Let's examine the new coefficients from the lasso model:
In [10]:
dict(zip(list(xtrain.columns),lasso_model.coef_))
Out[10]:
Notice that the "Female" and "Length" coefficients are now zero. The "Female" makes sense, as it is the opposite of "Male"- they essentially contain the same information (In fact, I ran this notebook multiple times, and it chose one or the other of these factors each time). The information contained in "Length" is probably adequately duplicated across similar factors, such as diameter.
Next, let's look at the Y-Yhat plot (using the same function as defined earlier):
In [11]:
ypred2 = lasso_model.predict(xtest)
plot_yyhat(ytest,ypred2)
The mean absolute error was roughly the same as before, but less explanatory factors were used, the chance of overfitting is reduced, and the model is simplified.
Finally, let's validate the constructed Lasso model.
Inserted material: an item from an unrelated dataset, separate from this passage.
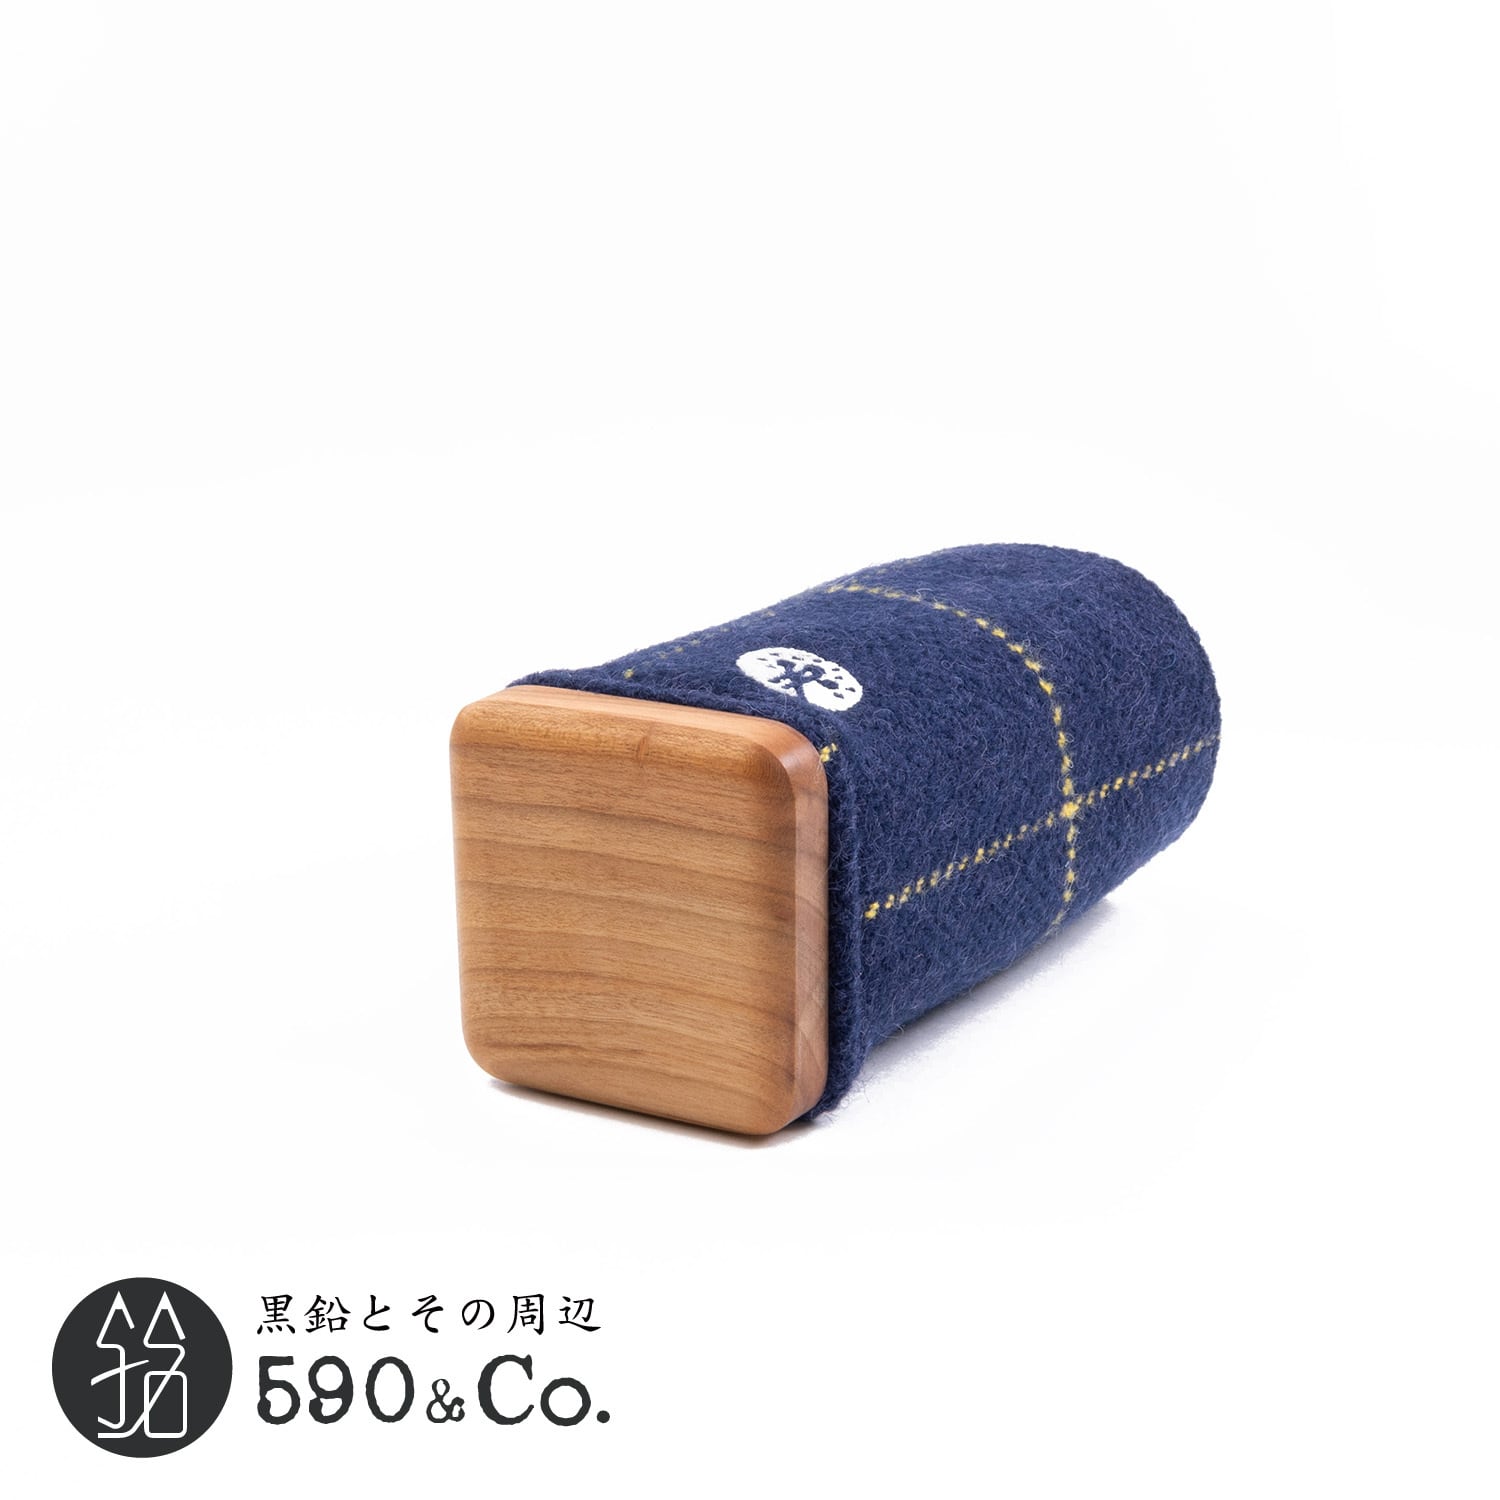 【キナリ木工所】別注 PENSTAND Upholstery fabrics×wood (Ribaco RB337ネイビー/イエロー)  590Co.

First, let's look at the residuals plotted against each explanatory factor, which should show no dependency.
In [14]:
def plotResiduals(curAx, x, xLab, yres):
curAx.scatter(x,yres)
curAx.set_title('Residuals vs. {}'.format(xLab))
curAx.set_ylabel('Residual Value')
curAx.set_xlabel(xLab)
minVal, maxVal = min(x), max(x)
curAx.plot([minVal, maxVal],[0,0],c='g')
yresid = ypred2 - ytest
f,((ax1,ax2),(ax3,ax4),(ax5,ax6),(ax7,ax8)) = plt.subplots(4,2,figsize=(12,25))
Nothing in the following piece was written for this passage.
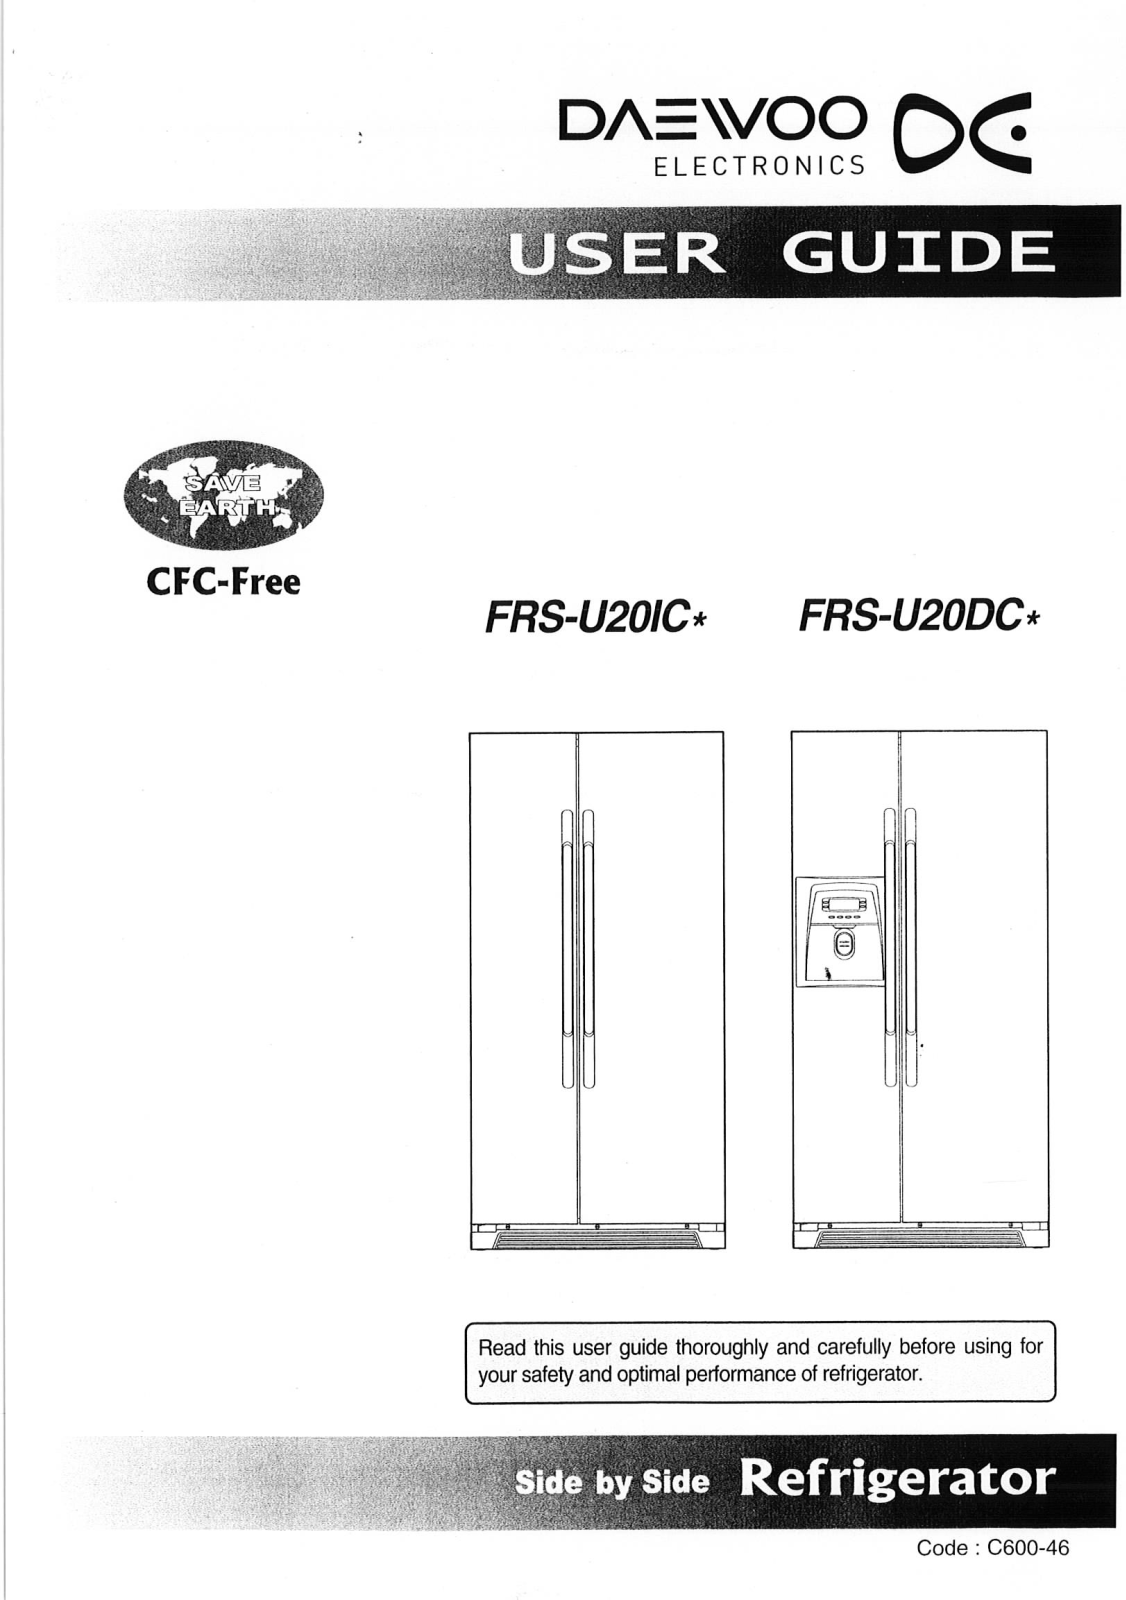 DAEWOO FRSU20DCC User Manual

plotResiduals(ax1,xtest['Diameter'],'Diameter',yresid)
plotResiduals(ax2,xtest['Male'],'Male',yresid)
plotResiduals(ax3,xtest['Height'],'Height',yresid)
plotResiduals(ax4,xtest['Infant'],'Infant',yresid)
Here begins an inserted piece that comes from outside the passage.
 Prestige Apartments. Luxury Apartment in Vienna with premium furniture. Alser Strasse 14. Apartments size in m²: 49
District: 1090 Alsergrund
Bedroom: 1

plotResiduals(ax5,xtest['Shell Weight'],'Shell Weight',yresid)
plotResiduals(ax6,xtest['Shucked Weight'],'Shucked Weight',yresid)
plotResiduals(ax7,xtest['Viscera Weight'],'Viscera Weight',yresid)
plotResiduals(ax8,xtest['Whole Weight'],'Whole Weight',yresid)
Remember that "Male" and "Infant" must either be zero or one.
The key to looking at these residual plots is to determine if there are any obvious relationships or trends. (Note- this process does not have to be done visually, of course, but during initial model construction it is important to at least look, to get a good "feel" of the results). I don't see any obvious trends in the above figures, so the model "passes" this validation check.
Let's examine the distribution of the residuals next:
In [13]:
ax = plt.axes()
sns.distplot(yresid,ax=ax,kde=False, fit=stats.norm)
#Plot the text box
props = dict(boxstyle='round', facecolor='wheat', alpha=0.5)
textStr = '$\mu=%.2f$\n$\mathrm{median}=%.2f$\n$\sigma=%.2f$' % \
(yresid.mean(), yresid.median(), yresid.std())
ax.text(0.05, 0.95, textStr, transform=ax.transAxes, fontsize=14,
verticalalignment='top', bbox=props);
ax.set_title('Histogram of Residuals')
ax.set_ylabel('# Occurences')
ax.set_xlabel('Residual Value');
The distribution of the residuals is approximately Gaussian, which is a good sign. If the distribution was bimodal or had a strong tail on either side, we might want to investigate futher.
Overall, the regression model performance is adequate, but we will will continue to investigate the variable dependencies in greater detail (Principal Component Analysis, post 2) or try a less interpretable but potentially more accurate model (Neural Networks, post 3).